親衛黨之首神狀元絕對不會放任堯歌詆譭神衛而不管,遂滿是不屑地反擊道:“怎麼?嫉妒啊?厲害你也去當個妃啊?”說完大刀一橫扛著就走,刀鋒飛舞的那一刻差不點旋著好幾個反衛黨的腦袋,嚇得那一幫人可勁往外躲,還踩了好幾腳身後同黨的腦袋,臨了神狀元邊走還邊說道,“不扛大刀不知刀身之沉,神衛那把刀,比誰的都沉。
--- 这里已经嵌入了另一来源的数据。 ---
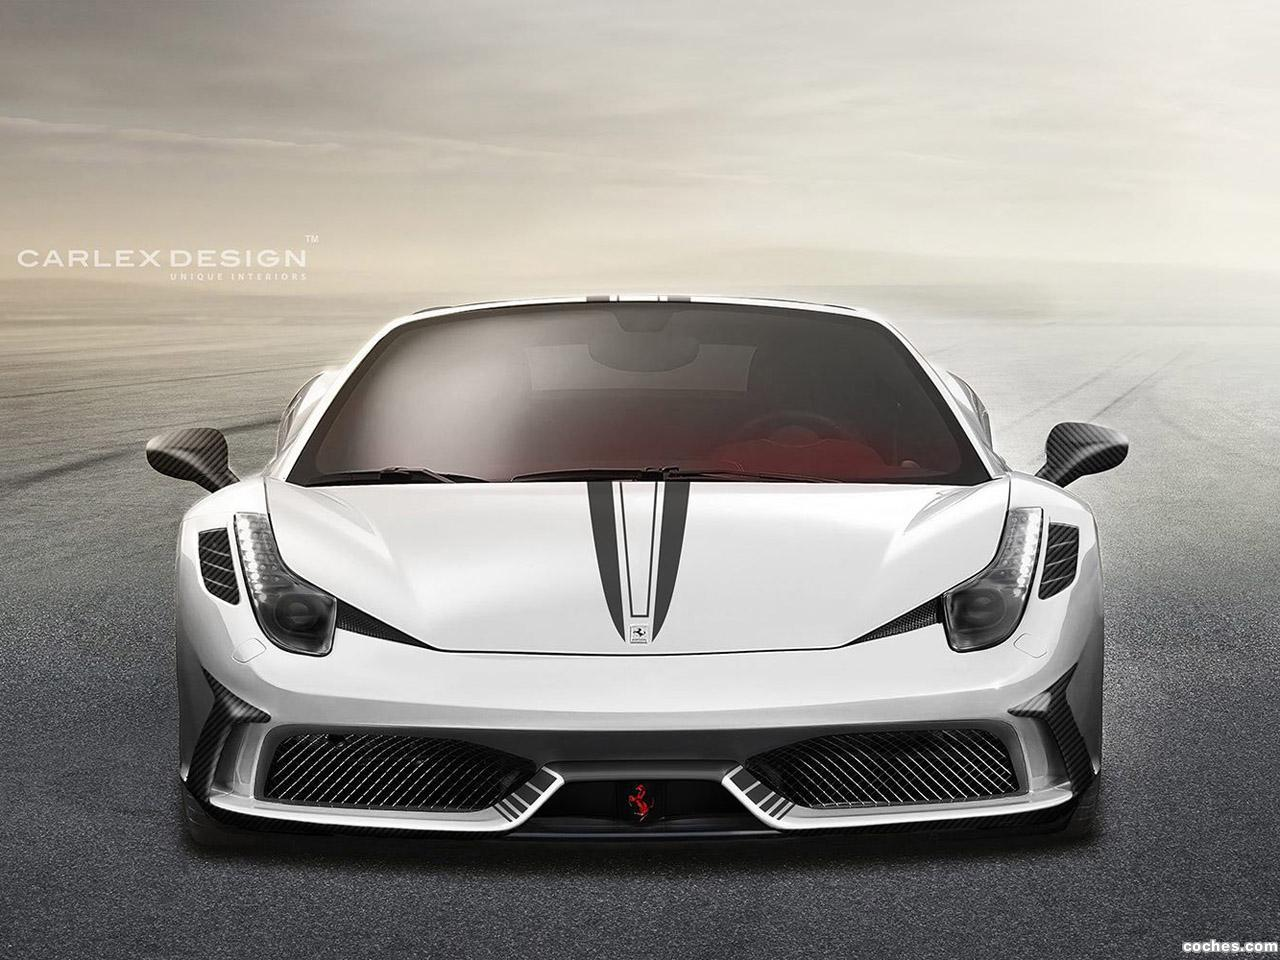 ferrari_458-spider-concept-by-carlex-design-2015_r5

”
意思就是,不當神衛不知神衛之苦,人家為神君拼死賣命的時候你們就知道寫點沒用的摺子詆譭人家,憑什麼有那個資格舔著臉罵人?
小狀元這一句話說的啊,真是長臉,整個親衛黨的人瞬間就揚眉吐氣了,同時還在心裡不斷感慨道:“狀元哥幾日不見,文化水平蹭蹭蹭往上漲啊!瞅這話說的!多有分量!”
隨後反衛黨和親衛黨的人就開始暗自思量,回去如何寫摺子明日上奏打壓對方。
就在這種針鋒相對的緊張氣氛中,玄念阮神色一沉,面露不悅,吶吶自語道:“雁妃?”同時他又將目光投向了靖臨遠去的背景,突然發覺,緊伴神君之側的那抹紅影十分的刺目,讓他想提刀將這抹身影從畫面中剜去。
這時圍在九重天牢外的人群已逐漸散去,人影攢動之際,玄念阮的目光又被另外一抹身影吸引過去了。
那是個女人,此時站的離他不遠,身形高挑,曲線婀娜,身穿一襲對襟半臂袖襦裙,外襟為潔美茶白色,內裙為淺淡桃紅色,更襯得她微醺後酡顏嬌嫩。
但吸引玄念阮的不是她的嬌美容貌,而是因為她長得像靖臨。
同時他的腦中不由自主的浮現出了神君變成女人的模樣。
若神君是個女人就好了……
被這女子的容貌吸引、恍惚了一瞬後,玄念阮才回神,隨後立即將腦海中那浮想聯翩的怪誕想法驅逐。